Trying to get more details:

kubectl logs promenade-api-6696769cd-qwpzf --namespace=ucp Error from server (BadRequest): container "promenade-api" in pod "promenade-api-6696769cd-qwpzf" is waiting to start: trying and failing to pull image

More verbose container logging would be useful, in particular the error code that might explain why the image couldn't be pulled (DNS resolution error, timeout error, or other such error). In this case, the issue was that the host system did not have the right host certificate needed for a secure download of the artifact from an internal HTTPS mirror.

mark-burnett commented 6 years ago

Hi @craiganderson,

I'm not sure there's a good path to getting more specific errors here. We might be able to look into some upstream error message improvements (not sure where the invalid cert message is being lost).

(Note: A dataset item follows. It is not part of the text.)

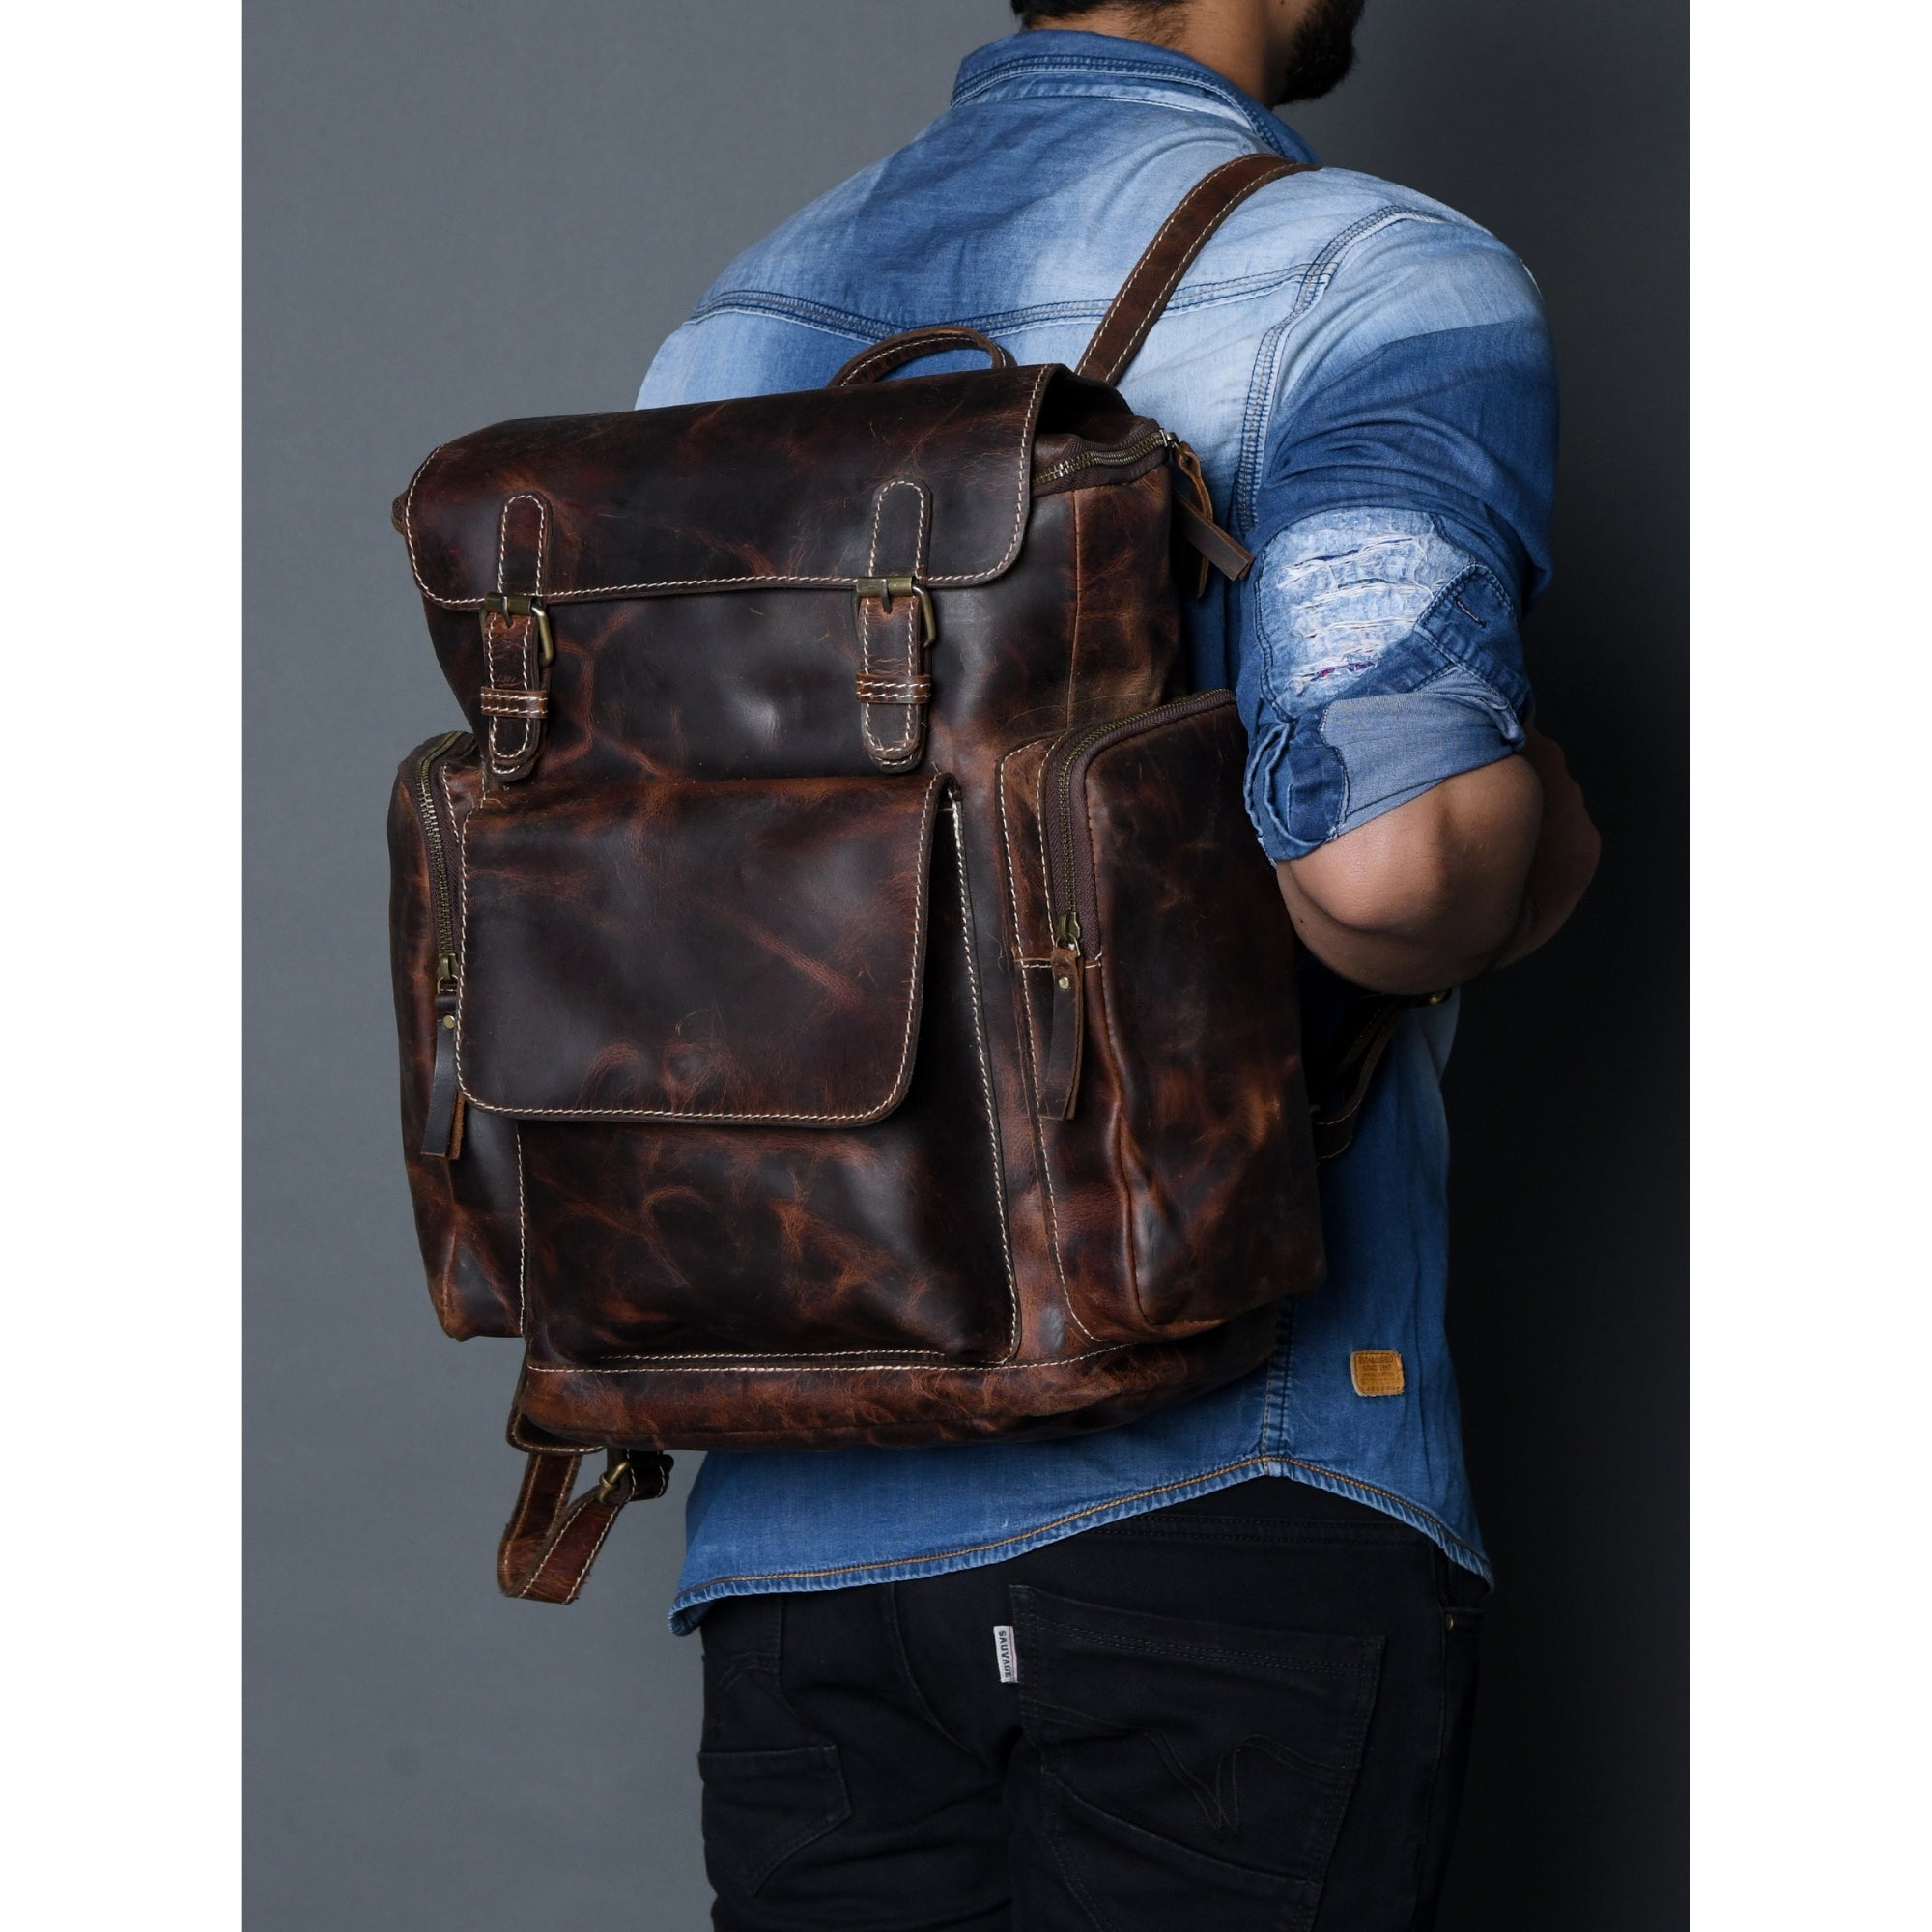 Rucksack Brown Leather Backpack

I guess the alternative would be to monitor docker/kubelet logs and scrape out such messages, though I would expect the normal fluentd -> elasticsearch pipeline to handle that sort of thing.

I'm going to close this one, since I don't see a very clean path forward, but if you think of something, please re-open :)

craiganderson commented 6 years ago

Ok yes, this error is actually at the kubernetes level. https://github.com/kubernetes/kubernetes/issues/30148

Looks like the more detailed kubectl describe pod would have given me a more detailed failure reason. I'll update this in the troubleshooting docs.